The first dental visit tends to serve as a “well baby check” for the teeth. In addition to checking for any problems your child may have, the dentist can advise you on cleaning your child’s teeth, evaluate any non-nutritive sucking habits your child may have, identify their fluoride needs as well as offer you guidance about your child’s development.
Childhood (Ages Three to Nine)
The AAPD recommends the following activities to help prevent tooth decay:
- Avoid frequent snacking
- Brush twice daily with a pea-sized amount of fluoride toothpaste
- Floss daily
- Have sealants applied when appropriate (when six-year molars erupt)

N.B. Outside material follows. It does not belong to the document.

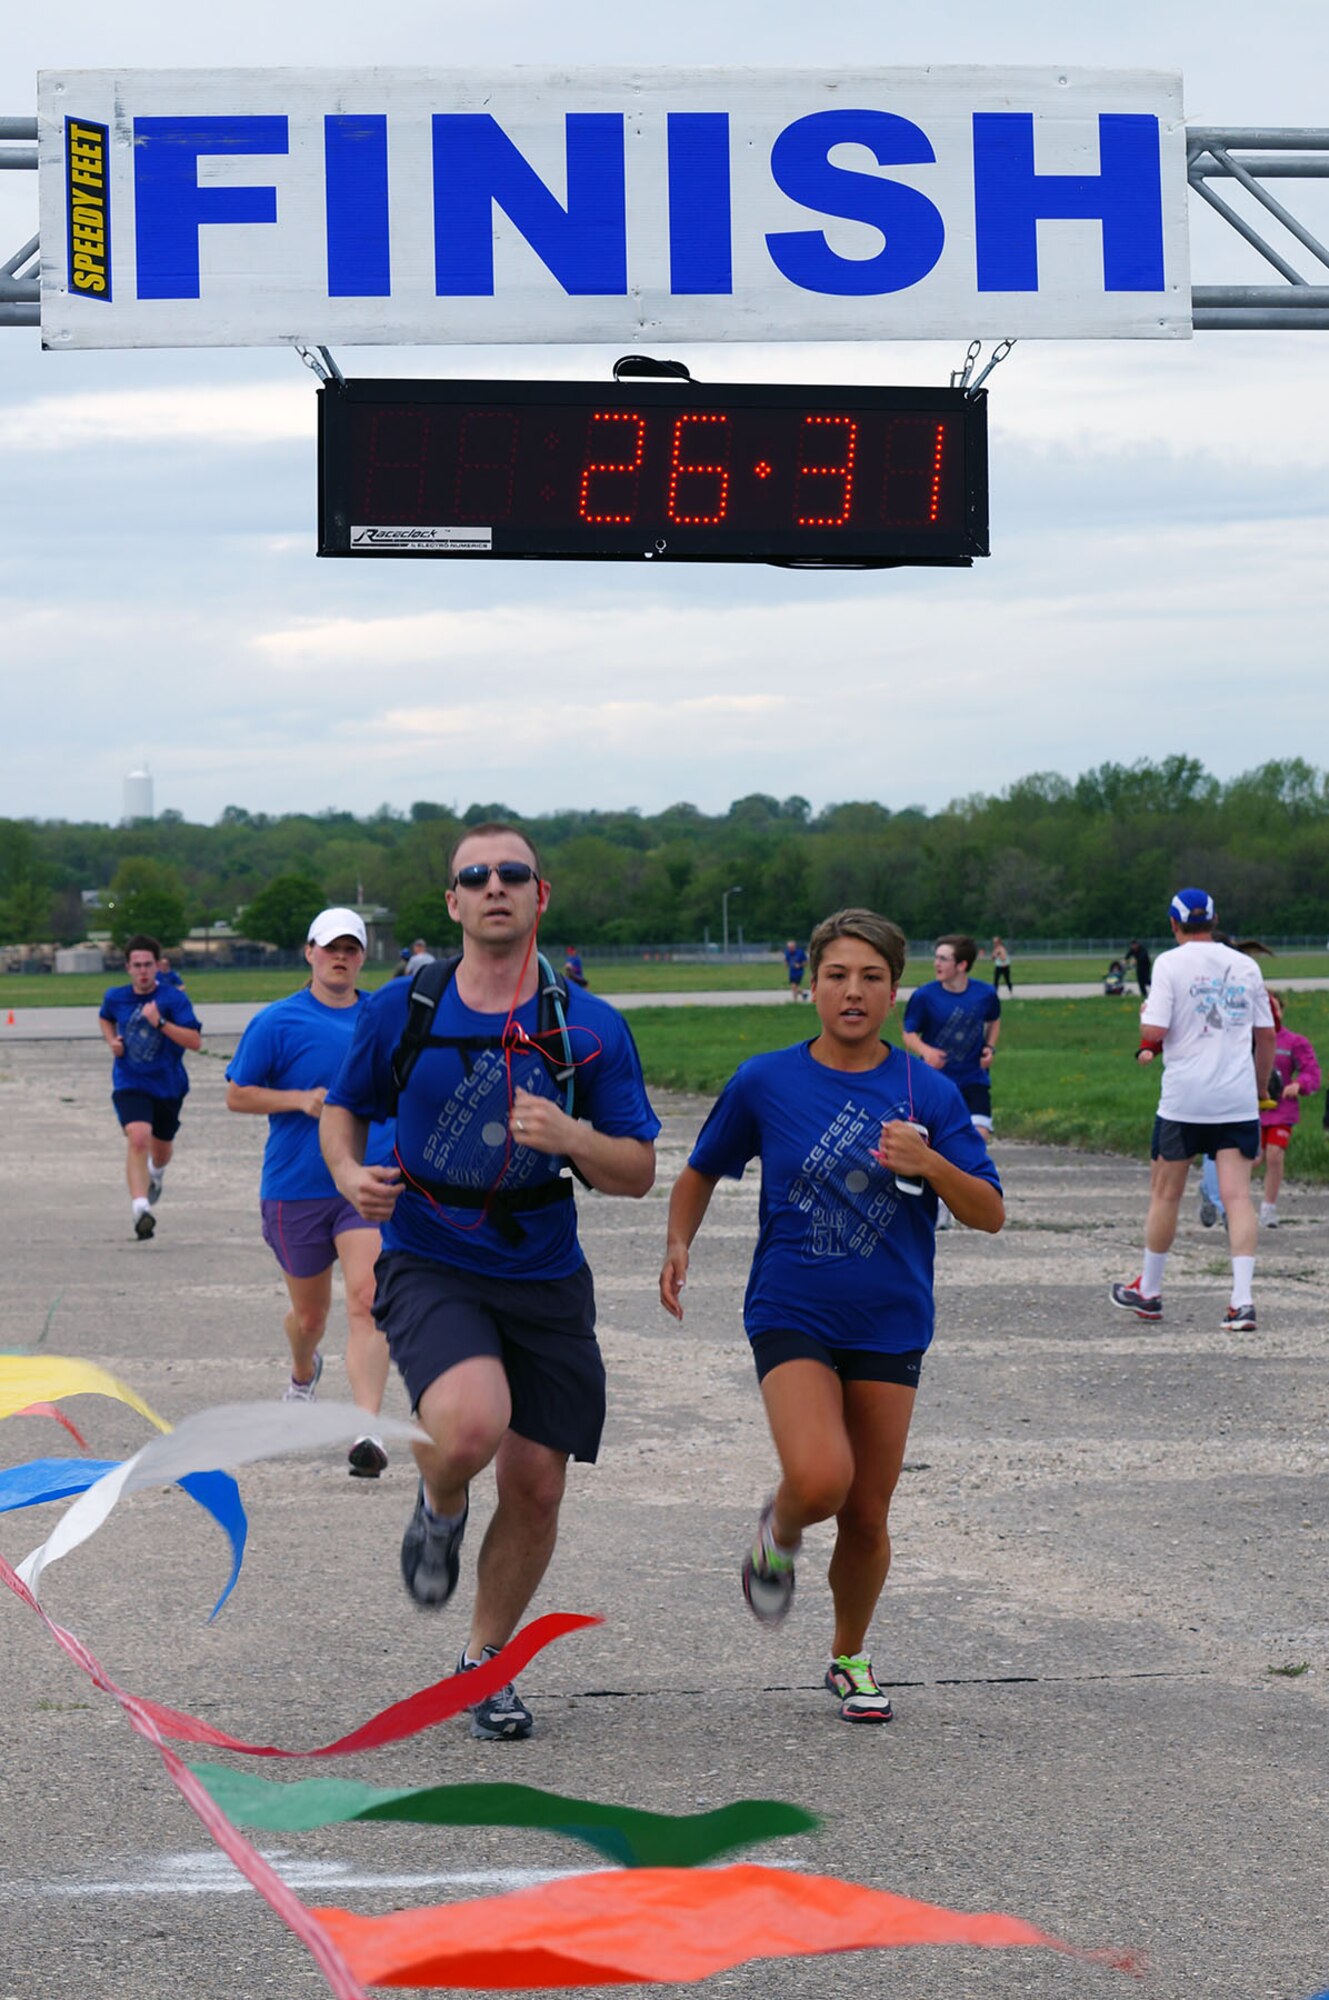 DAYTON, Ohio (05/2013) -- Participants finish a 5K through a scale-version of the solar system during Space Fest on May 4 at the National Museum of the U.S. Air Force. (U.S. Air Force photo by Valerie Kulesza)

- Have regular dental visits every six months
- Be evaluated for adequate fluoride intake through sources such as drinking water and prescribed supplements
- Avoid fruit juice except in a cup with meals or at snack time
Around age six, children will start erupting permanent molar teeth as well as losing their primary teeth as they enter a developmental stage called mixed dentition. Typically, the lower incisor teeth are the first to fall out. Over the next few years, children will lose their front eight incisor teeth (four on the top and four on the bottom). Hand and eye coordination still may not be perfected, so it is recommended you still assist your child with brushing. Orthodontists (braces specialists) recommend that children should be evaluated at age seven for overall development of the child’s dental arches (jaws) and face.
Adolescence (Ages 10-18)
Around age 10, children will typically start losing their remaining primary (baby) teeth. At this stage, children are are starting the transition to having only permanent teeth. Children should continue to brush at least twice daily and use dental floss.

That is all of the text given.